With hot summer days approaching, I like the cool and refreshing taste of cucumbers. Biting into a slice of cucumber refreshes me instantly. There is truth to the saying 'cool as a cucumber.' Cucumbers are easy to grow, can be found a your local market and farmers markets.
In this recipe, the cucumbers are smashed - a Chinese technique which releases the seeds. The cucumbers are cut into chunks and sprinkled with salt and sugar. The cucumbers then rest for 20minutes. They are then tossed with a flavorful vingerarette and refrigerated.

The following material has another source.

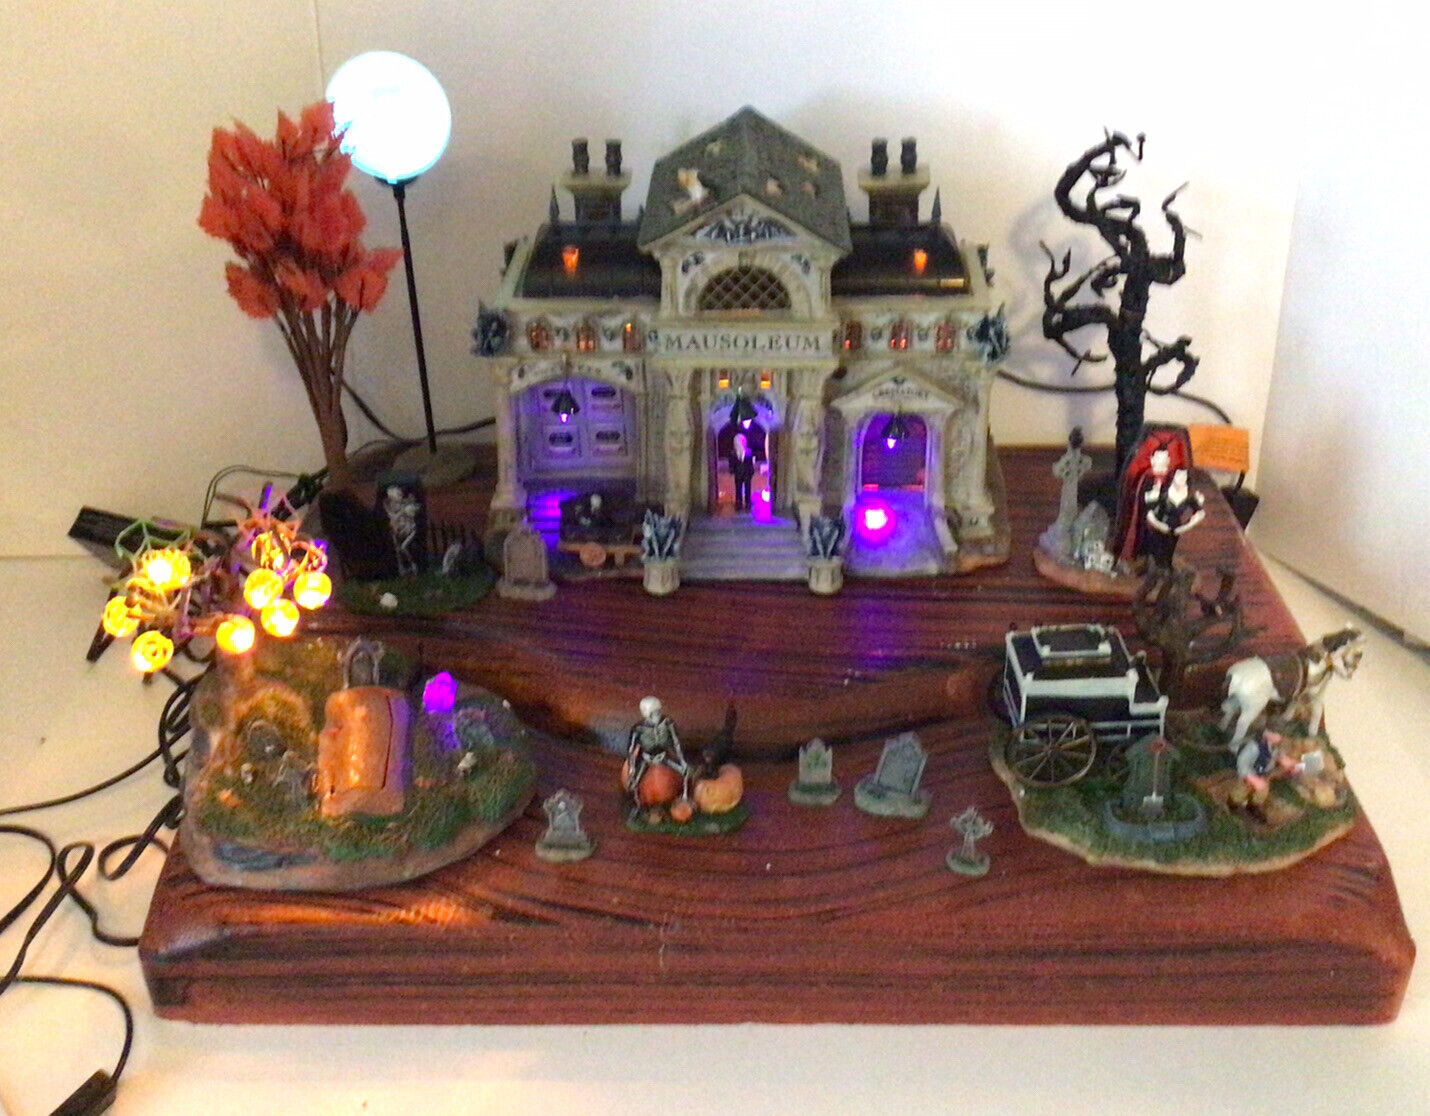 SUPER RARE LEMAX SPOOKY TOWN COLLECTION DISPLAY 14 PIECE ANIMATED MAUSOLEUM SET

I like this technique of smashing the cucumbers because the dressing get into the cracks of the cucumbers. This adds a wonderful flavor to the cucumbers. When you serve the salad, a tasty and refreshing dish awaits you.
Smashed Cucumber Salad
Ingredients
2 medium English cucumbers
1/2 teaspoon salt
1 teaspoon sugar
2 tablespoons rice wine vinegar
2 teaspoons soy sauce
1 teaspoon sesame oil
1 small clove garlic, finely grated
1 teaspoon minced garlic
1/4 teaspoon crushed red pepper flakes
Directions
1. Quarter the cucumbers lengthwise. Put the slices on a cutting board, skin-side-up. Use the flat side of your knife to lightly smash along the length, then cut the cucumbers into 3/4-inch pieces. Toss the cucumbers with 1/2 teaspoon each salt and sugar, then drain in a colander for 20 minutes.
2. Whisk together the vinegar, soy sauce, sesame oil, garlic and remaining 1/2 teaspoon sugar. Add the cucumbers and toss to coat. Sprinkle with crushed red pepper, if using. Refridgerate for 4 hours before serving.